2 . The system of claim 1 , wherein said first electrical signal facilitates intracellular transfer of said biologically active agent.
3 . The system of claim 1 , wherein said first electrical signal is configured to generate electric field densities in the range of approximately 100 V/cm to 5,000 V/cm.
4 . The system of claim 2 , wherein said circuit is further configured to deliver a second electrical signal to said first electrode and said second electrode that facilitates transdermal transfer of said biologically active agent.
5 . The system of claim 1 , wherein said second electrode has top and bottom surfaces and a plurality of stratum corneum-piercing microprojections that protrude from said bottom surface of said second electrode.
6 . The system of claim 5 , wherein said first electrical signal generates a substantially homogenous electrical field.
7 . The system of claim 6 , wherein said first electrode and said second electrode comprise a first microprojection member.
8 . The system of claim 7 , wherein said first electrode and said second electrode comprise zones of said first microprojection member and wherein said first electrode and said second electrode are separated by an insulator.

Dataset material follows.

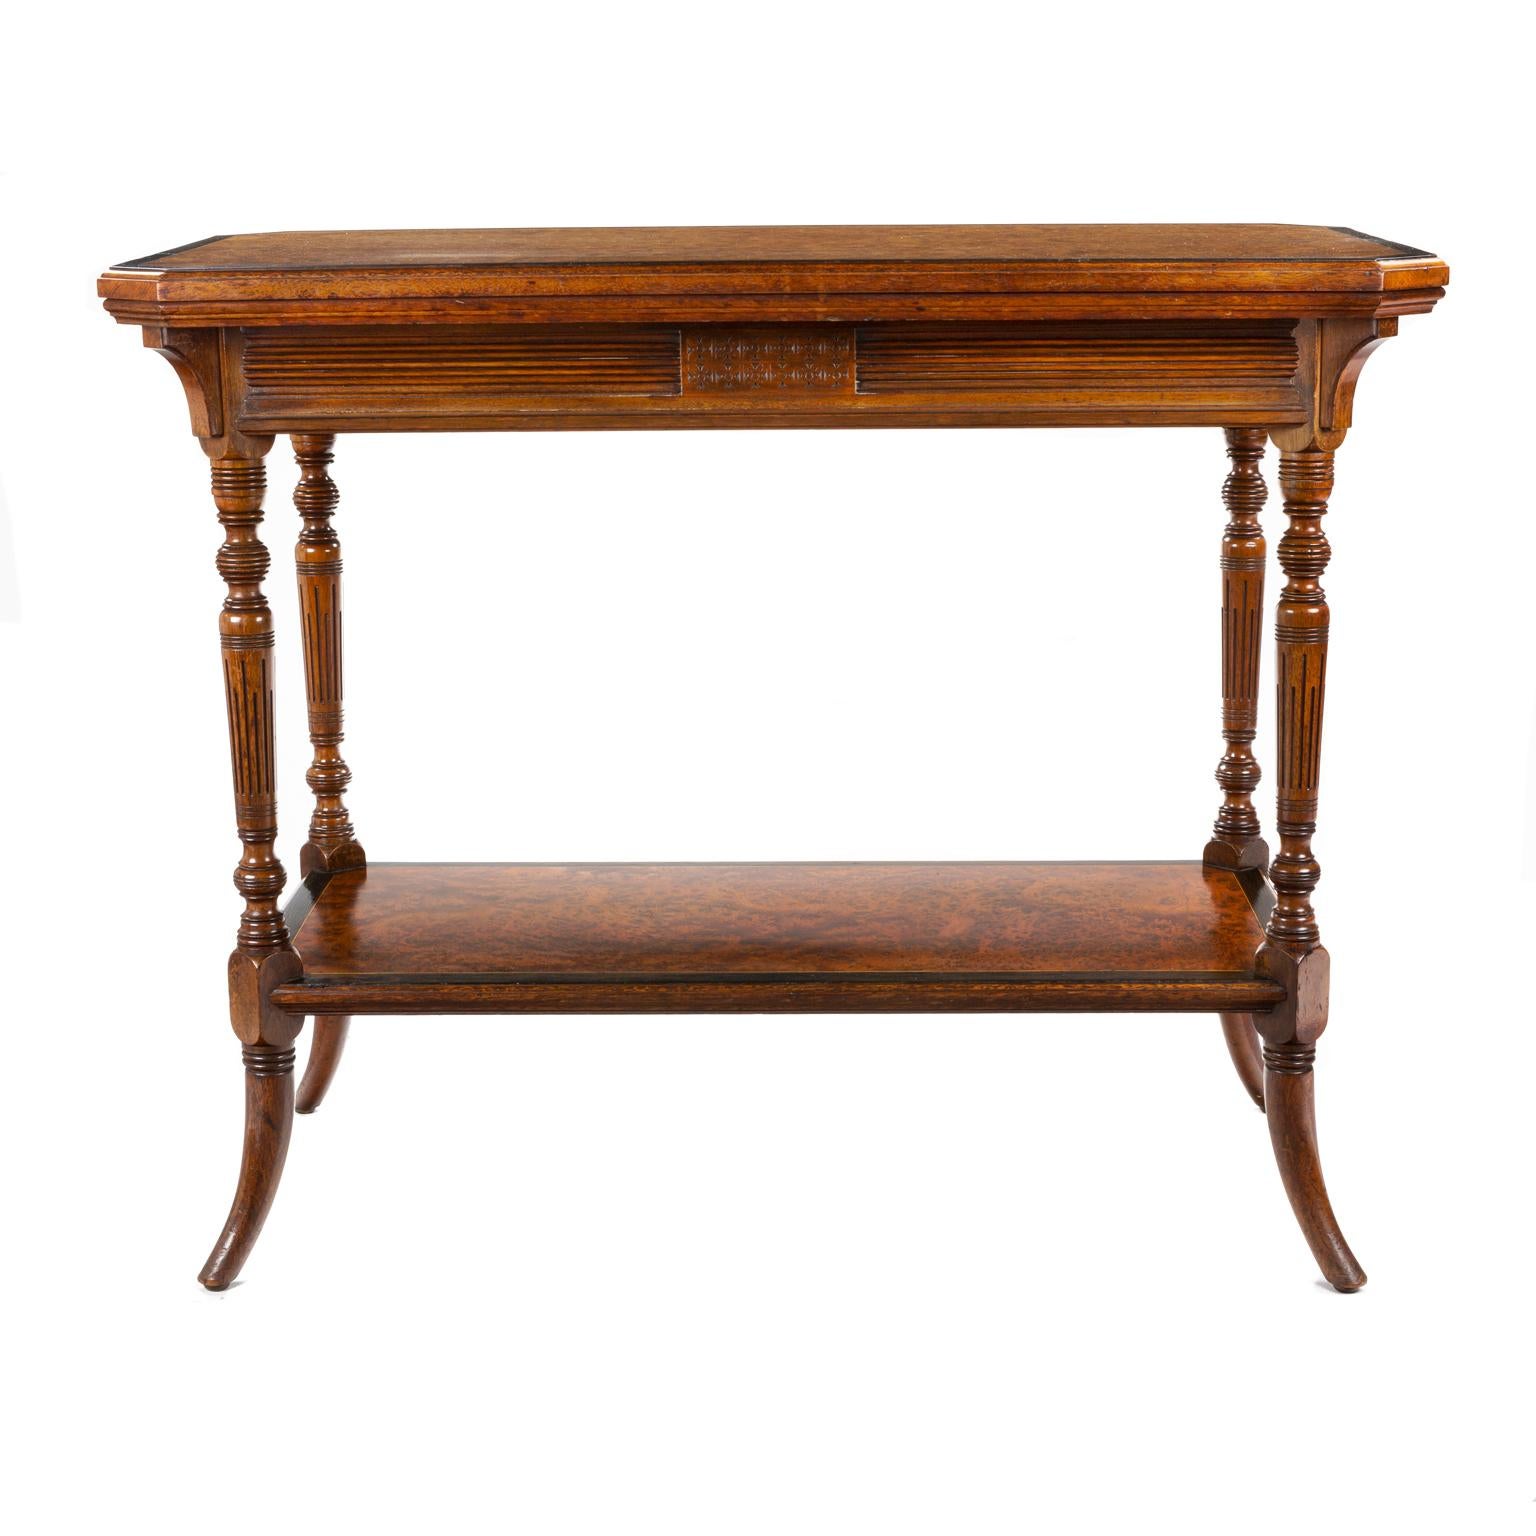 British Gillows Late 19th Century Aesthetic Movement Table For Sale
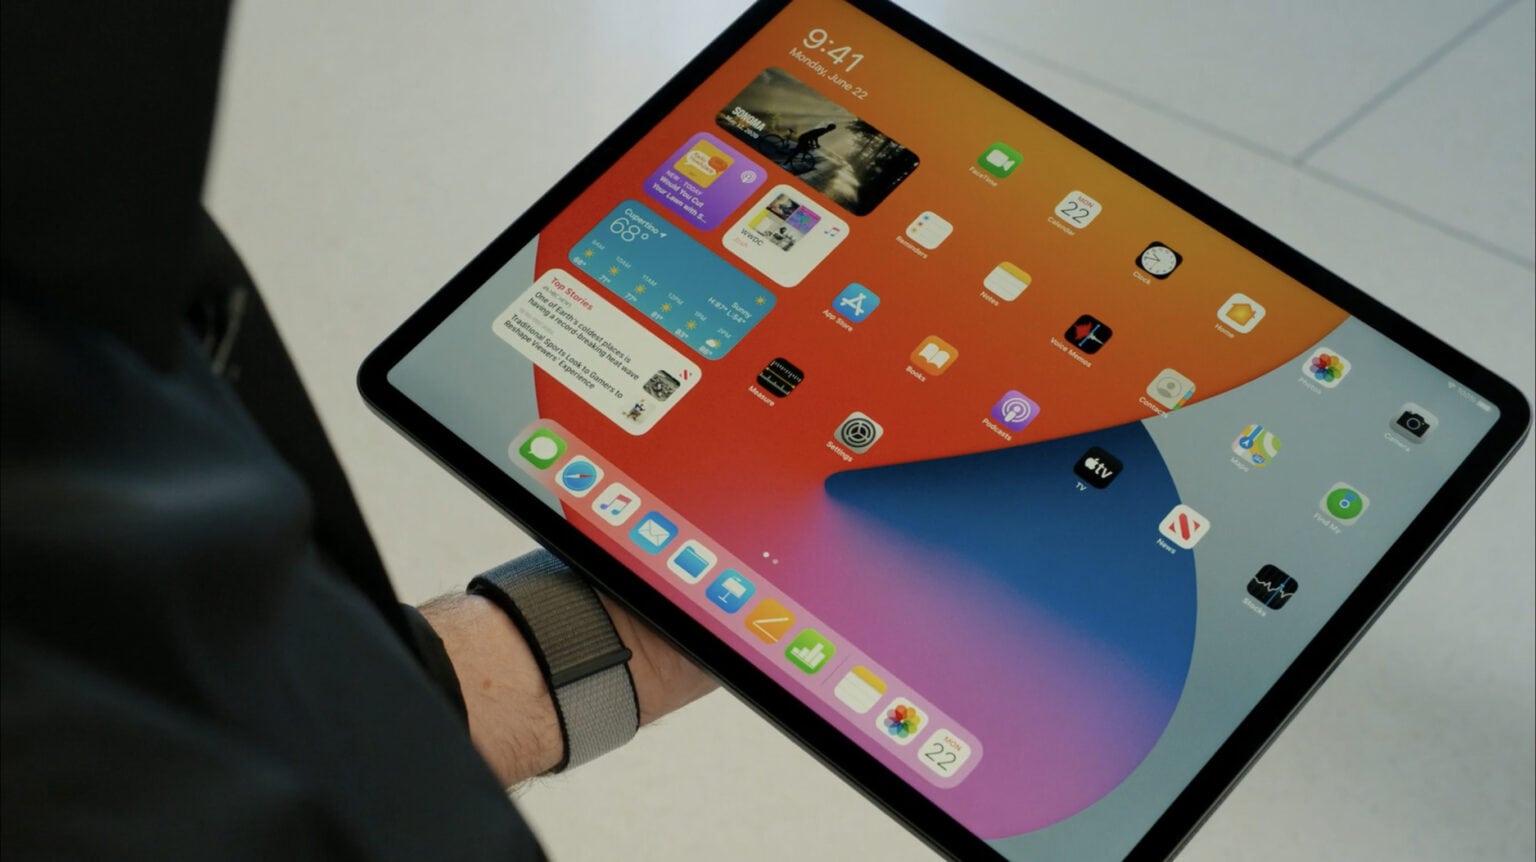 iPadOS 14 Home screen widgets aren’t nearly as flexible as they are in iOS 14

9 . The system of claim 8 , wherein said first electrode comprises a circular zone and said second electrode comprises a circumferential zone around said circular zone.
10 . The system of claim 9 , wherein said first electrical signal generates a spherically symmetrical electric field.
11 . The system of claim 9 , wherein said first electrode and said second electrode comprise a parallel plate capacitor geometry around a circumference of said microprojection member.
12 . The system of claim 7 , wherein said first electrode and said second electrode comprise alternating rows of said stratum corneum-piercing microprojections separated by an insulator.
13 . The system of claim 6 , wherein said first electrode comprises a first microprojection member and wherein said second electrode comprises a second microprojection member.
14 . The system of claim 13 , wherein said first microprojection member and said second microprojection member are positioned to generate a semispherically symmetrical electrical field.
15 . The system of claim 5 , further comprising an insulating coating disposed on said first microprojection member configured to maximize electric field densities to electroporate cells.
16 . The system of claim 1 , wherein said biologically active agent comprises an immunologically active agent.
17 . The system of claim 1 , wherein said biologically active agent is selected from the group consisting of anti-infectives, antibiotics, antiviral agents, analgesics, fentanyl, sufentanil, remifentanil, buprenorphine, analgesic combinations, anesthetics, anorexics, antiarthritics, antiasthmatic agents, terbutaline, anticonvulsants, antidepressants, antidiabetic agents, antidiarrheals, antihistamines, anti-inflammatory agents, antimigraine preparations, antimotion sickness preparations such as scopolamine and ondansetron, antinauseants, antineoplastics, antiparkinsonian drugs, antipruritics, antipsychotics, antipyretics, antispasmodics, anticholinergics, sympathomimetrics, xanthine derivatives, cardiovascular preparations, calcium channel blockers, nifedipine, beta blockers, beta-agonists, dobutamine, ritodrine, antiarrythmics, antihypertensives, atenolol, ACE inhibitors, ranitidine, diuretics, vasodilators, central nervous system stimulants, cough and cold preparations, decongestants, diagnostics, hormones, parathyroid hormone, hypnotics, immunosuppressants, muscle relaxants, parasympatholytics, parasympathomimetrics, prostaglandins, proteins, peptides, psychostimulants, sedatives and tranquilizers.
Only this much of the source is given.